Эта «привычка к лицедейству» слагалась и у Булгакова – главным образом в 1920–1921 годах. До этого, в Киеве 1919 года, Булгаков в советских учреждениях, судя по свидетельствам близких, не служил. Только во Владикавказе весной 1920 года перед ним во весь рост встали сложные социально-психологические проблемы, о которых пишет Степун и которые с возможной для отечественной печати ясностью отразились в «Записках на манжетах». Степун полагал, что дело обстояло «нравственно благополучно» первое время – «пока революция была стихией, пока русский человек спасал всего только свою голую жизнь, пока он отчетливо внутренне знал, что его правда и на чем он сам в конце концов твердо стоит». Это – состояние героя «Записок на манжетах»:
«Осваиваюсь. – Завподиск. Наробраз. Литколлегия.

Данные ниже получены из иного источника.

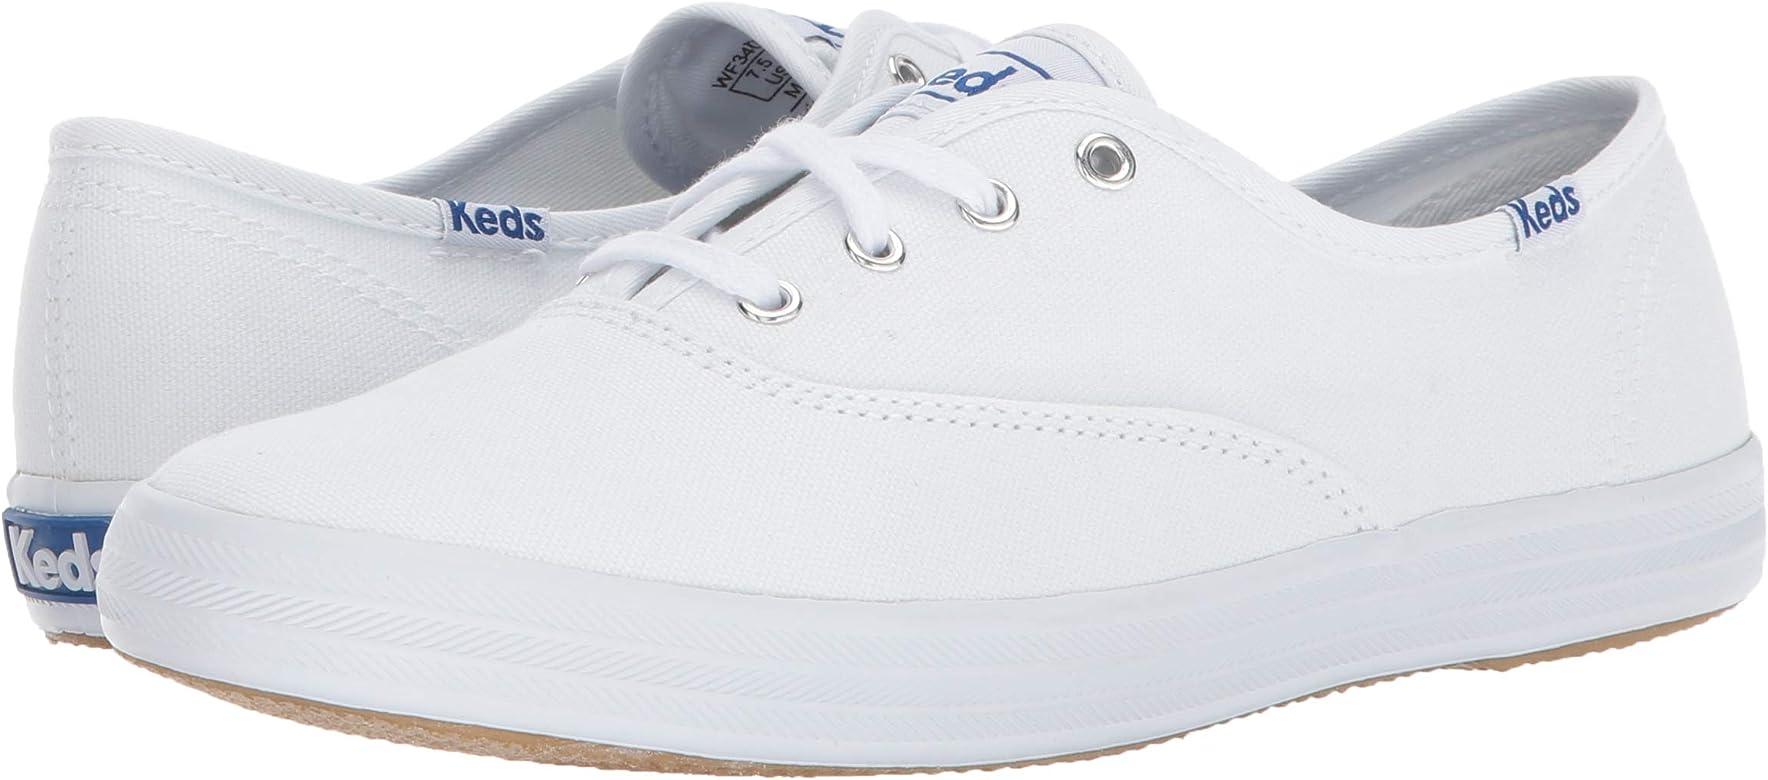 f720e9439ed3 Amazon.com | Keds Women's Champion Original Canvas Sneaker, White ...

Ходит какой-то между столами. В сером френче и чудовищном галифе. Вонзается в группы, и те разваливаются. На кого ни глянет – все бледнеют. Глаза под стол лезут. 〈…〉
Подошел. Просверлил глазами, вынул душу, положил на ладонь и внимательно осмотрел. Но душа – кристалл!
Вложил обратно. Улыбнулся благосклонно».
По терминологии Степуна – лицедейство, но не лицемерие. Не почувствовав разницы, мы не поймем, как Булгаков, разделяя вначале это защитное лицедейство с очень многими литераторами, помы́кавшимися по разные стороны фронта, прежде чем окончательно осесть в Москве начала 1920-х годов, далее уходит от лицемерия – и в первую очередь от проникновения его в творчество.

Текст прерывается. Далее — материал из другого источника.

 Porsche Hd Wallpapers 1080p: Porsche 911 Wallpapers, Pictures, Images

«К моменту начала деникинского выступления в целом ряде людей, – пишет Степун, имея в виду тех, кто, в отличие от Булгакова, оказался к этому моменту в тылу Красной армии, – чувствовалось уже не только наличие двух лиц, но и лицо двуличия, т. е. полная невозможность разобраться – какое же из своих лиц, „товарищеское“ или „заговорщическое“, они действительно ощущают своим.

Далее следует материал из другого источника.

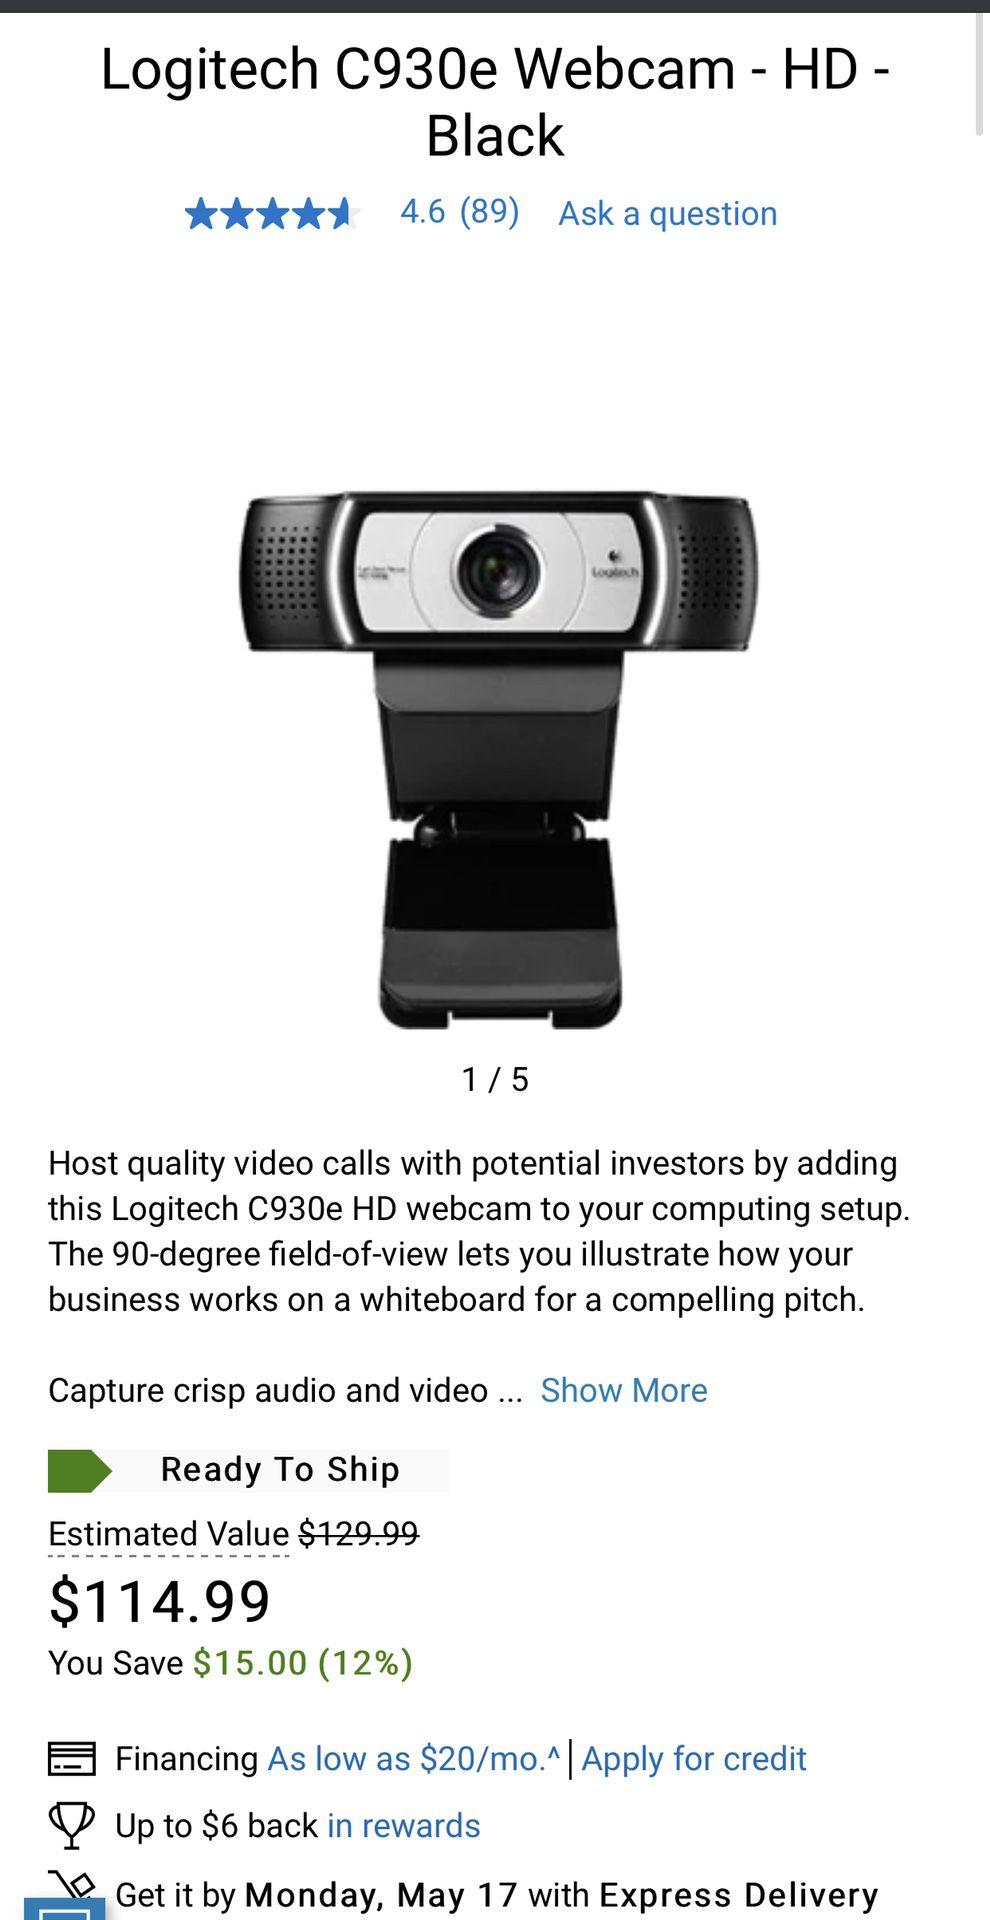 Logitech C930e Webcam - HD - Black

К этому времени большое количество советских служащих было уже до некоторой степени устроено большевиками, и потому ощущало какую-то неуверенность в своих предощущениях деникинского прихода…»
С Булгаковым дело обстояло иначе. К моменту прихода Деникина в Киев он не успел, по-видимому, испытать той «неуверенности предощущения», о которой писал Степун; зимою 1919/20 года он пережил наступления и отступления белой армии, находясь с нею по одну сторону фронта. Во Владикавказе 1920 года он следил за происходящим в Крыму (предполагая, возможно, что туда попали младшие братья) с чувствами, несомненно, сложными, которые нам вряд ли удастся хоть в какой-то степени восстановить: в «Беге» мы увидим только позднюю трансформацию этих чувств.
В первые московские годы его все еще мучительно волновала мысль о неосуществившемся, зачеркнутом в 1920–1921 годах варианте судьбы. Татьяна Николаевна вспоминала, что как-то он встретил знакомую медсестру, которая потом была в Константинополе. «Он зазвал ее домой, пили чай, она много рассказывала. Вообще тех, кто побывал за границей, он готов был слушать, раскрыв рот… Она рассказывала, как там все было, – она добралась с белыми до Константинополя, но все же вернулась… Я говорила ему: – Ты не жалей!..» Простодушные советы жены вряд ли попадали в точку; его чувства и размышления на эту болезненную тему были слишком сложны.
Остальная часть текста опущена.